Vous parlez de style autocratique de la direction. Ne pensez-vous pas que l’Academic Freedom est quand même respectée ? 

La charte de l’UoM donne le droit à l’Academic Freedom. Mais malheureusement, nous voyons que ce n’est plus le cas aujourd’hui. Ils sont une dizaine de chargés de cours qui parlent toujours sans crainte mais avec la nouvelle approche de la direction, nous risquons de perdre l’Academic Freedom. Peu importe le parti politique au pouvoir, nous ne pouvons pas faire taire l’Academic Freedom. Mais les universitaires ne doivent pas exprimer des propos diffamatoires, mais doivent parler en toute liberté.

Depuis que UniRank a classé l’UoM à la 85e place en Afrique, nous constatons que des commentaires ont fusé sur les réseaux sociaux. Prêtez-vous foi à un tel classement ?

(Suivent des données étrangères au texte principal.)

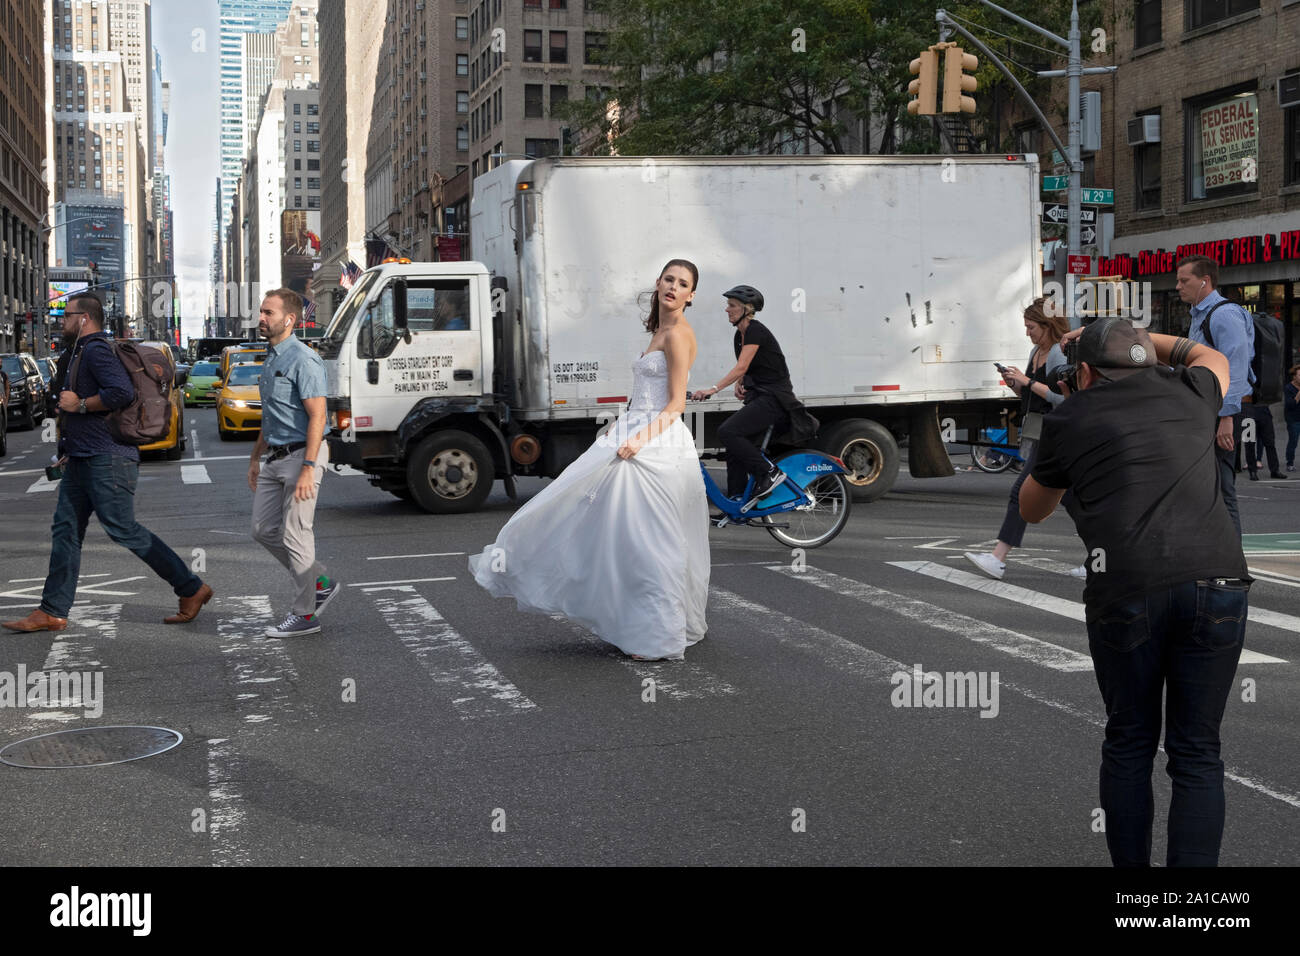 Un modèle d'une robe nuptiale pose pour des photos sur un coin de rue animée - 7th Ave. et West 29th Street - à Manhattan, New York City. Banque D'Images

Je crois qu’il y a un peu trop d’exagération dans ce classement. Si nous prenons n’importe quel système de classement, il n’est pas fiable. Même si nous prenons le classement de Times, il n’est pas fiable à 100%. Le classement que nous avons au niveau de l’Afrique doit être pris avec une pincée de sel. Mais d’autre part, certaines personnes le balaient d’un revers de la main. Mon opinion personnelle en tant qu’universitaire, il faut être prudent dans la manière dont nous voyons ce classement. Nous avons des universitaires extraordinaires à l’UoM et nos élèves sont aussi très qualifiées contrairement à d’autres institutions qui recrutent n’importe qui. Mais il faut que nous réalisions que si en Afrique, nous étions les meilleures, je crois que nous aurions dû nous trouver parmi les 25 premières. Le classement d’une université ne se fonde pas uniquement sur la qualité de l’enseignement ou la recherche. Nous ne pouvons pas enseigner l’éthique, la bonne gouvernance mais si nous le mettons dans un contexte global, les universitaires ont le droit de parler grâce à son Academic Freedom tant que ses propos ne sont pas diffamatoires. Tant que l’universitaire n’est pas candidat, il a une liberté. Les bonnes agences de notation vont aussi prendre en compte de quelle manière les universitaires aident les gens dans la société, les ONG. Elles vont aussi analyser la gouvernance et le respect des règlements.